Throughout the history of the United States, various topics have been censored and banned in education, including teaching about evolution, racism, sexism, sex education, and LGBTQ+ topics. Due to the education system being highly decentralized, states are delegated with much of the responsibility for administering public education.

In 2021, bills were introduced in multiple state legislatures to restrict teaching certain concepts, including critical race theory (CRT) and sexism, in public schools. Bills were passed in 14 states, all of which had both Republican-majority legislatures and Republican governors. Several of these bills specifically mention "critical race theory" or single out the New York Times 1619 Project. CRT is only taught at a university level, though some lower-level curricula have reflected basic themes of CRT.
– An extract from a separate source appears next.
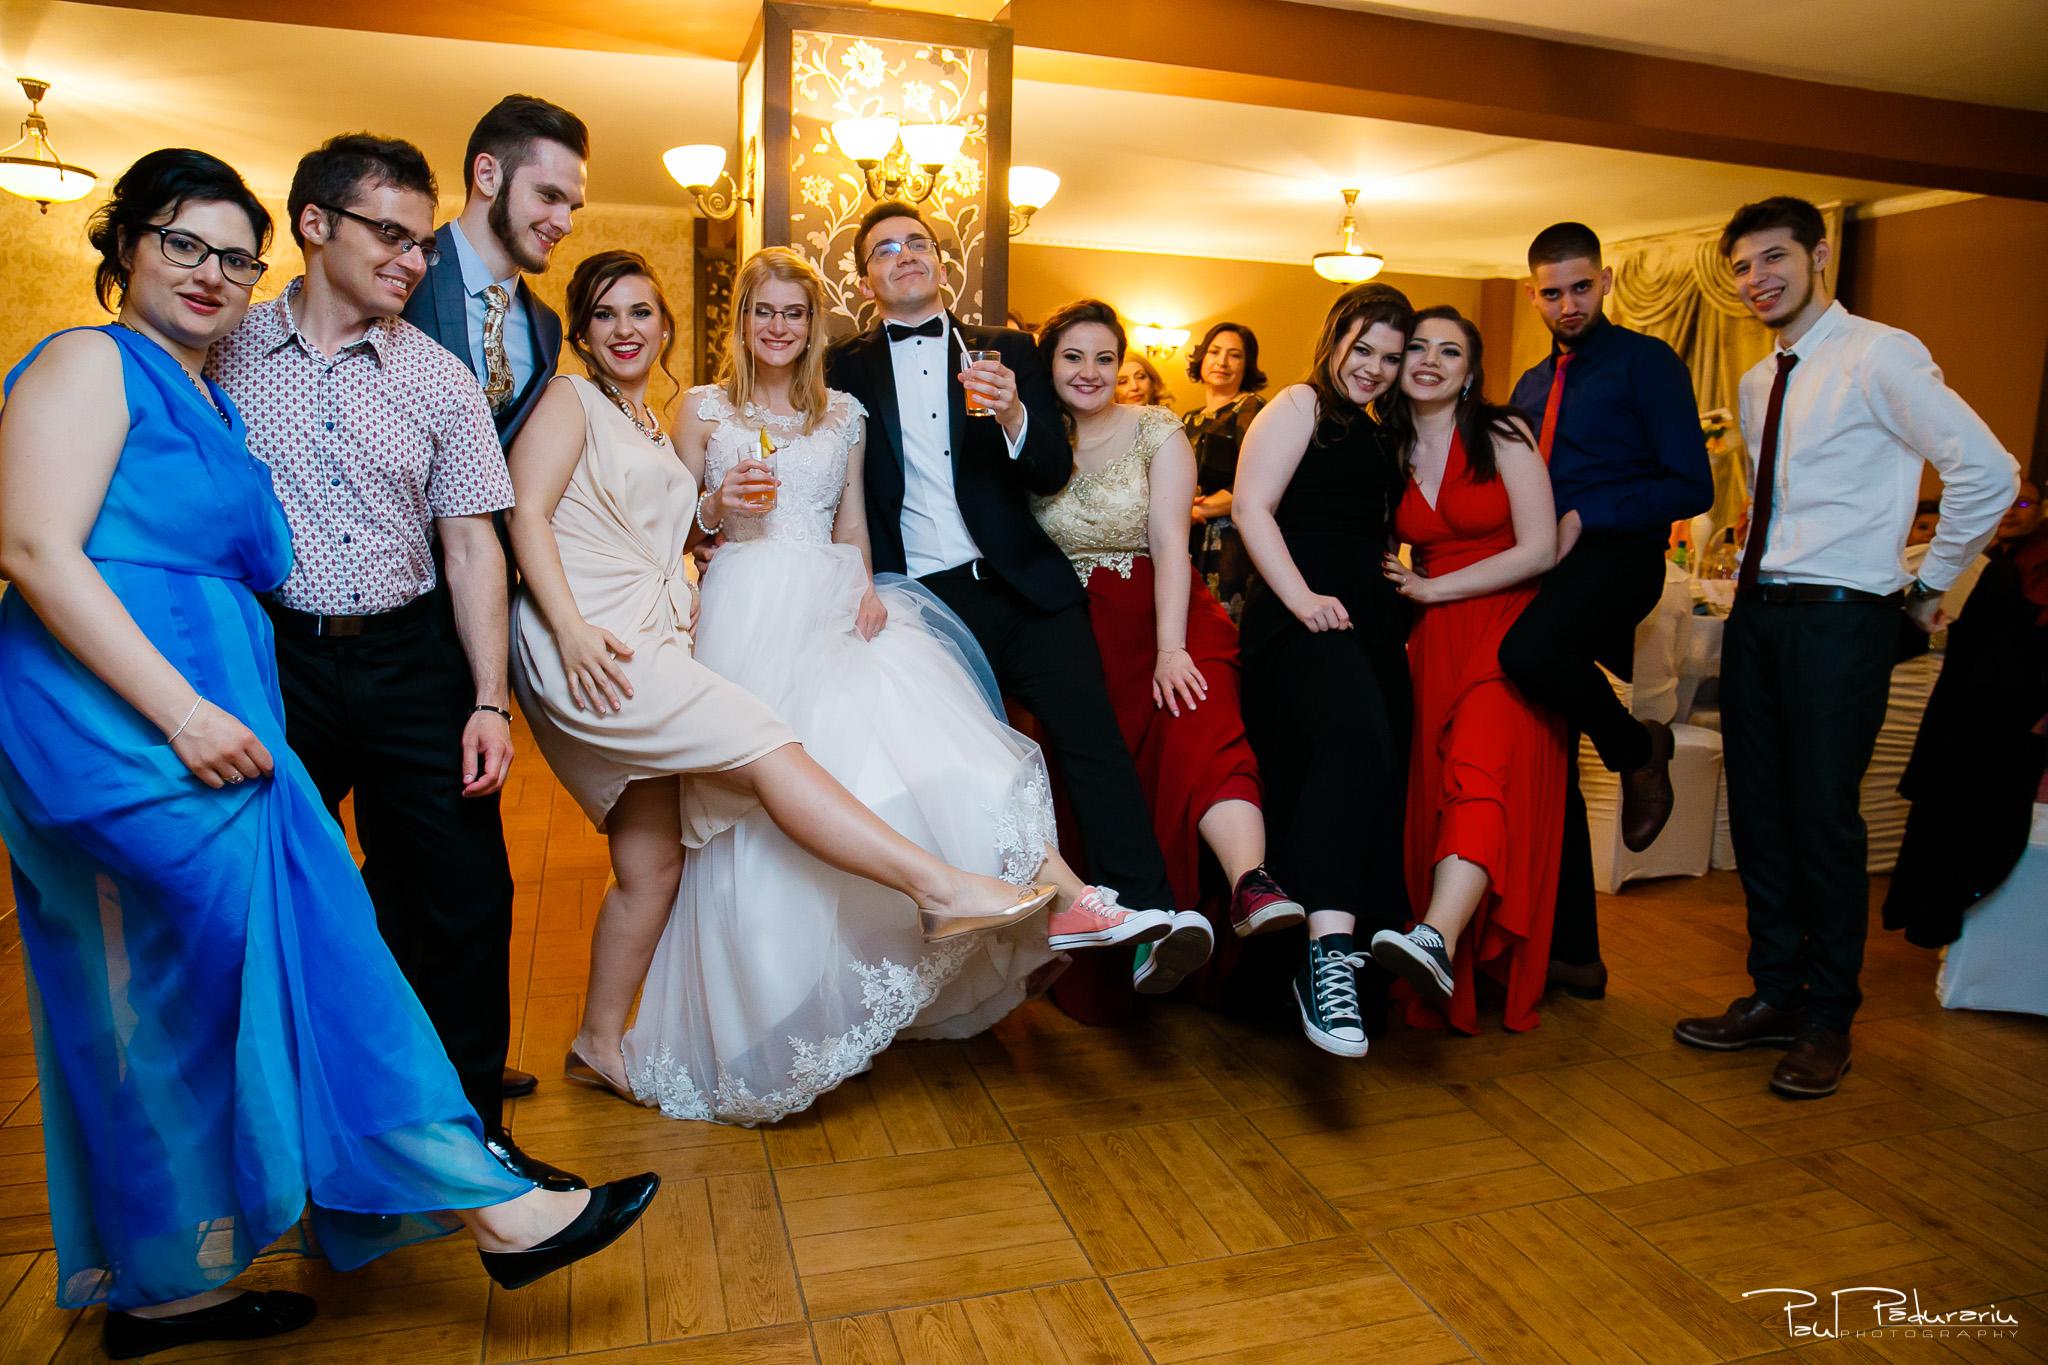 Anca si Razvan petrecere restaurant American Iasi - Paul Padurariu fotograf profesionist nunta iasi www.paulpadurariu.ro © 2018 Paul Padurariu 20
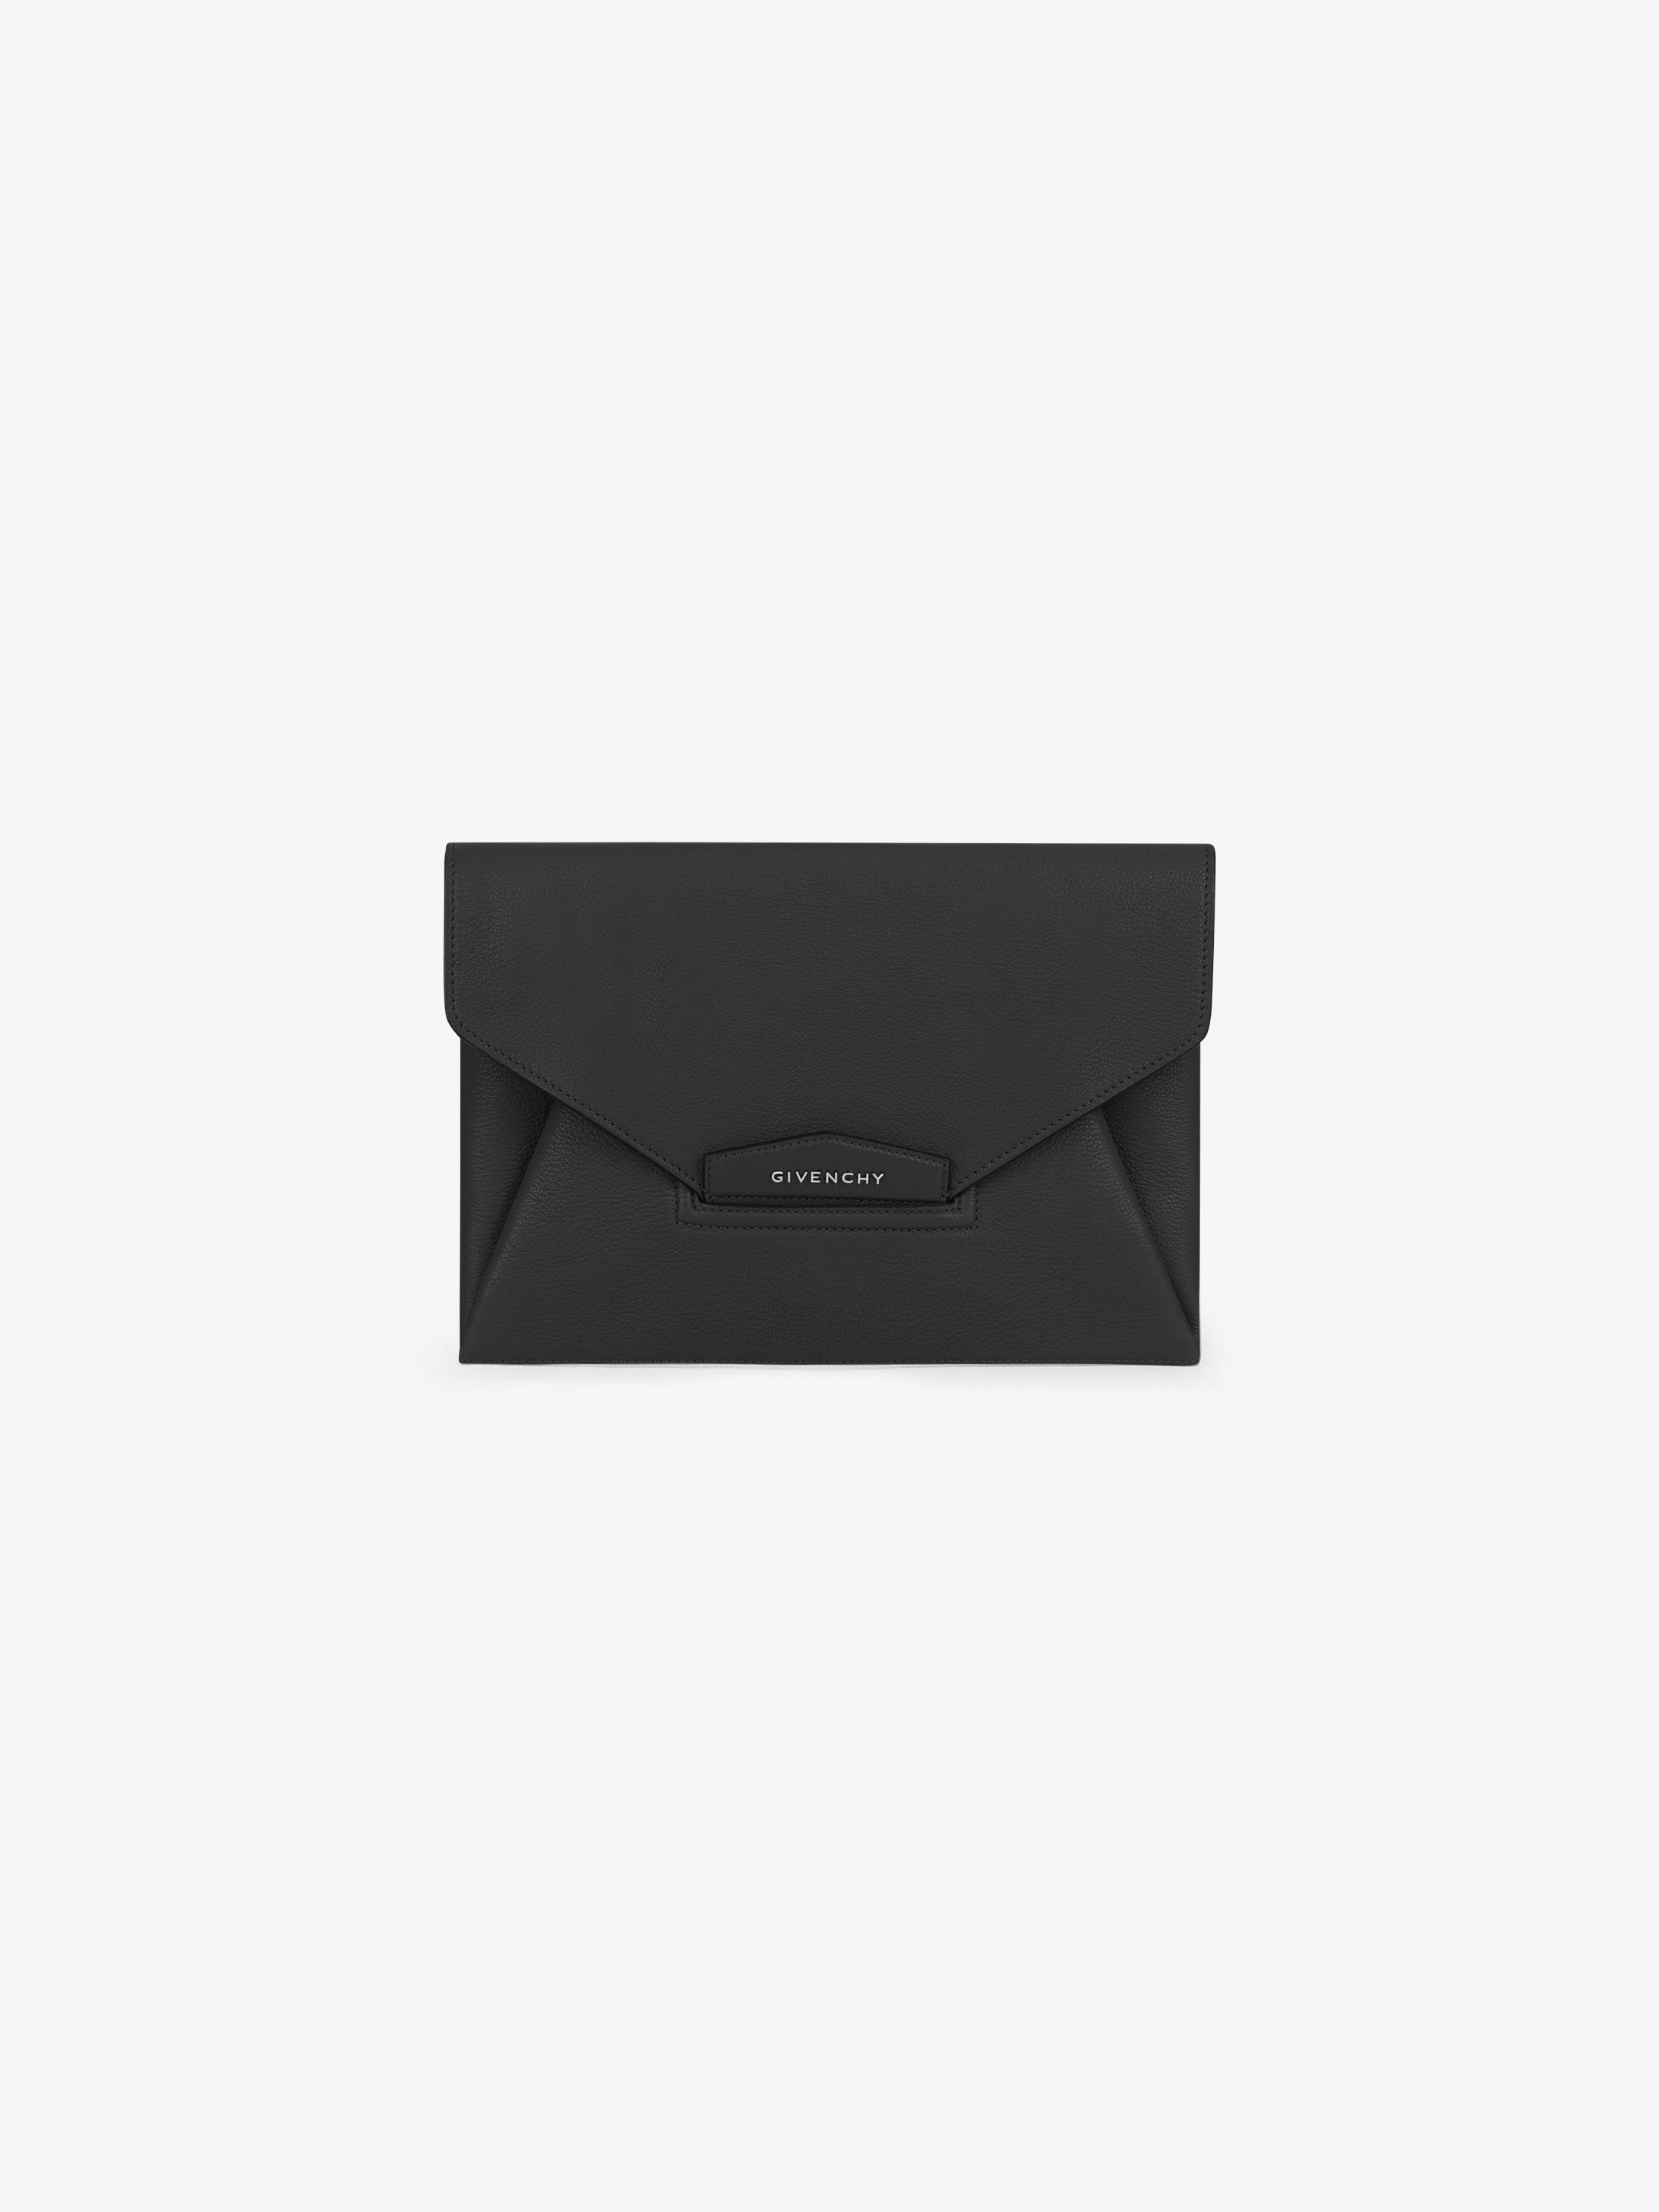 Antigona pouch in leather

Other state-level efforts have involved state boards of education restricting the teaching of issues surrounding race and sex.

== History ==
=== 20th century ===
Some of the first evidence of censorship of school curriculum in the United States comes during the Civil War, when Southern textbook publishers removed material critical of slavery. After the Civil War, a vigorous movement from groups like the United Daughters of the Confederacy in the South promoted the Lost Cause of the Confederacy in schools. The movement censored any offending works and lead to "indoctrination of southern schoolchildren with aristocratic social values unchanged since the antebellum epoch."

During the 19th century's temperance movement, some school book publishers revised content to suit the anti-alcohol position.

In the 1920s, during the aftermath of World War I, conservatives across the country attempted to ban teaching on evolution. The Fundamentalist–Modernist Controversy brought a surge of opposition to the idea of evolution, and following the campaigning of William Jennings Bryan several states introduced legislation prohibiting the teaching of evolution. Legislators proposed more than 53 bills from 1922 to 1929 (twenty in state legislatures and two in Congress), five of which succeeded. Legislation was considered and defeated in 1922 in Kentucky and South Carolina, in 1923 passed in Oklahoma, Florida, and notably in 1925 in Tennessee, as the Butler Act. The American Civil Liberties Union (ACLU) offered to defend anyone who wanted to bring a test case against one of these laws. John T. Scopes accepted, and he started teaching his class evolution, in defiance of the Tennessee law. The resulting trial was widely publicized by H. L. Mencken among others, and is commonly referred to as the Scopes Trial. Scopes was convicted; however, the widespread publicity galvanized proponents of evolution. When the case was appealed to the Tennessee Supreme Court, the Court overturned the decision on a technicality (the judge had assessed the fine when the jury had been required to). Although it overturned the conviction, the Court decided that the law was not in violation of the First Amendment to the United States Constitution. The Court held:

We are not able to see how the prohibition of teaching the theory that man has descended from a lower order of animals gives preference to any religious establishment or mode of worship. So far as we know there is no religious establishment or organized body that has its creed or confession of faith any article denying or affirming such a theory. — John Thomas Scopes v. The State 154 Tenn. 105, 289 S.W. 363 (1927)

The interpretation of the Establishment Clause of the First Amendment up to that time was that Congress could not establish a particular religion as the State religion. Consequently, the Court held that the ban on the teaching of evolution did not violate the Establishment Clause, because it did not establish one religion as the "State religion." As a result of the holding, the teaching of evolution remained illegal in Tennessee, and continued campaigning succeeded in removing evolution from school textbooks throughout the United States.

In the 1960s, some movements sought to remove racist and sexist material from school textbooks. Historian Jonathan Zimmerman stated that in the 1960s, "there were history textbooks in this country, including in the North, that still described slavery as a mostly beneficent institution devised by benevolent white people to civilize savage Africans."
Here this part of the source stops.